Tanzania, Kenya when they assisted us. Tanzania, Zambia when they assisted us, Mozambique, go to Cuba just now, very poor, you feel pity but Castro is still manufacturing doctors.

He has made up his mind to train doctors. South Africa has 400, we get 200, every country, even Latin America has Cuban doctors. Good ones.

But he has got those sanctions imposed on him by America but he is still doing that good work, unafraid.

Once upon a time America threatened to attack him and in fact, there was a time he had to fight.

You must be prepared, you just must be prepared, even as small as you are, to stand for your principles and say do or die here I stand. That is what revolutions bid us to be.

If leaders are going to act in a sheepish way, then they are not fit to be leaders at all. You have principles, whether Europe likes them or not, these are the principles that guide me and guide my country, I stand by them.

Like them, dislike them, they are our principles in Zimbabwe, we stand by them. We are a sovereign State, here we stand, here we are. Recognise us, don't recognise us but this is what we are.

TM: Let me take you back home, what role does Amai play in your every day work? Pane nguva here yekuti munosvika moti there is this burning issue yanga yakadai, what is your view?
President Mugabe: Sure she contributes quite a lot. She has taken to helping abandoned children, orphans and is building an orphanage. Very spirited about it, she is there almost every day, she goes there and comes back.

Yes we discuss, we discuss family matters, we discuss the fate of our own children. Their future and so on, we plan together.

Sure we discuss all things, politics and we see things alike. She is playing her part.

TM: Ko vana varikukuraka ava. Do they also have political ambitions?
President Mugabe: I don't know. Bellarmine always says I want to be President and so on, but I say you must pass, you see, the President, baba vane madegree mangani? Can you do that?

But leading kids, he is going to be writing his Form 4 this year, writing exams this year.

So Bona is the most serious of them all. She loves to do a Masters and be a chartered accountant but she wants to do the Masters first. It takes a year but she is with a chartered firm now.

TM: Eighty-eight years makore akawanda chaizvo. Vamwe vachiti vaMugabe varikurwara. What advice would you give to the youths kuti vagare hupenyu hwakanaka.
President Mugabe: Life is what you make it, they say but its not always what you make it. You have part of it which is inherited. The physical entity, we inherit from the parents.

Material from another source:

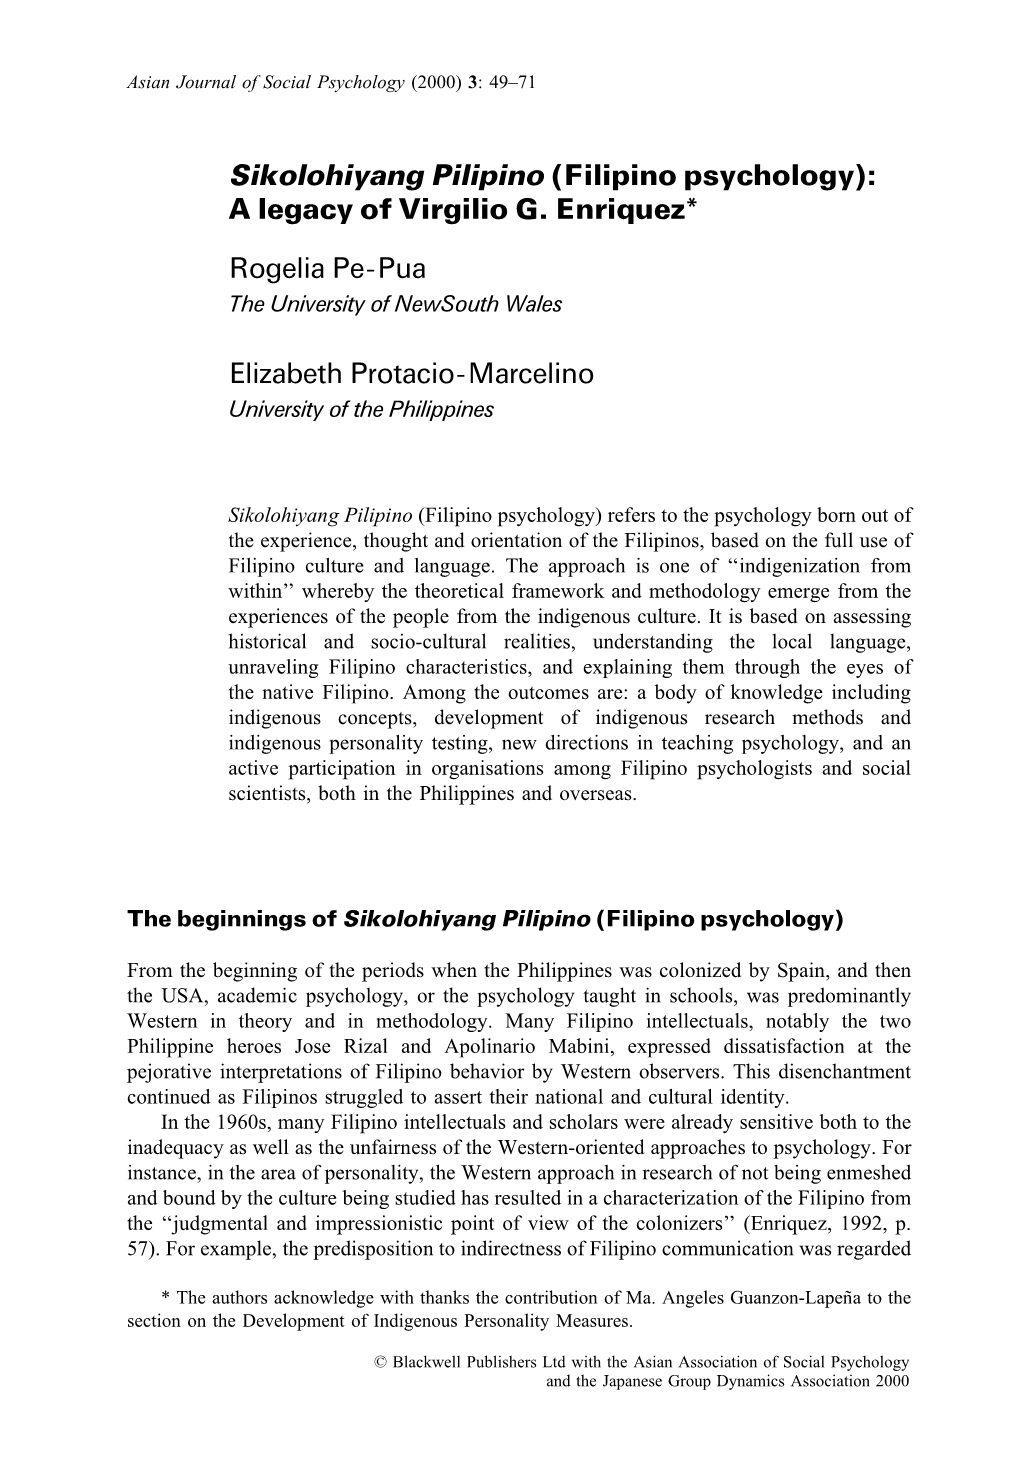 Sikolohiyang Pilipino (Filipino Psychology): a Legacy of Virgilio G

Your genetic system derives what your parents gave you and if you have had ancestors who lived long, you also live long. That's what happens, you see.

But there are things that you must do for yourself. Don't and if you want to drink, don't drink too much but I would say don't drink at all.

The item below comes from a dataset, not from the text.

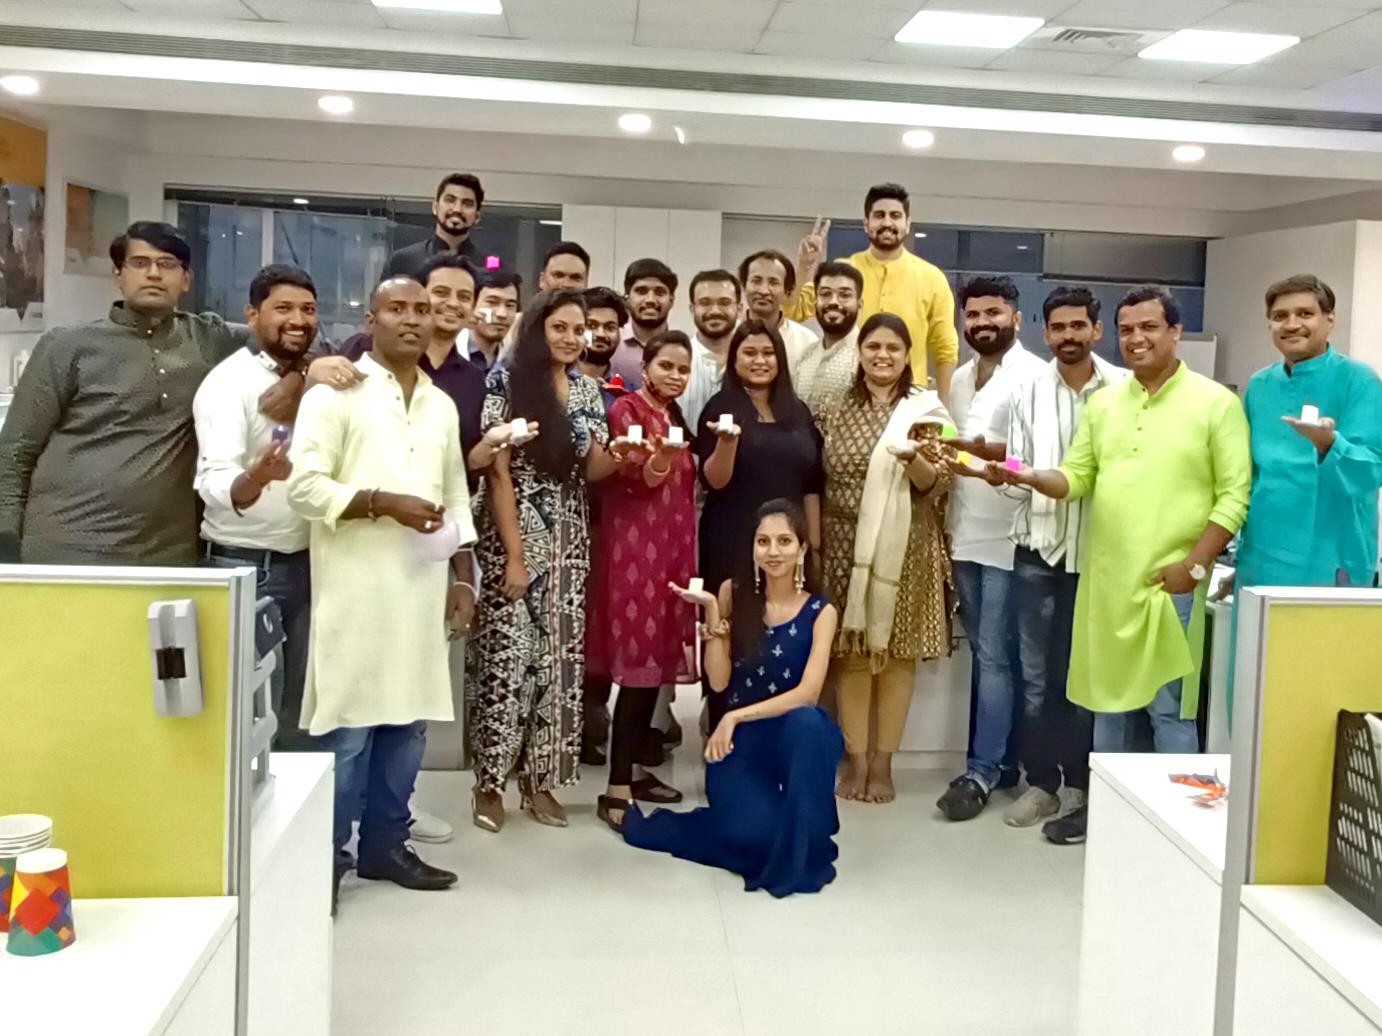 Group of Keller employees celebrating Diwali

Don't smoke at all. When you smoke, the nicotine goes straight to your lungs. It's a sure case that your lungs are getting, you are inhaling but of course the sensation is nice to some of our people but look after yourself morally.

Girlfriends, when you are young, you have two or three but you make your choice and get married.

Little houses, some little houses are dangerous nowadays. You don't know the occupant in the little house is all that healthy. Nechirwere chedu chakauya ichi.

I have seen young men, in the extended family, just going one after another. As I speak kune madzimai akasiyiwa. We have had to look after them, you know, you try to give them work.

You know madzimai anouya kuzosakura and I give them a bit of some money just to keep them going. Havachisina varume.

And I say to myself, if this is what has happened around me kuextended family, ko around the extended family yaTazzen ne my neighbour there? Is this what has happened to our nation?

Young people going in their 30s, 40s. No! We must look after ourselves better. So that is the part we take care of, the other part we inherit it from our parents.

If you inherit a genetic system which is good, at some stage you should look after it.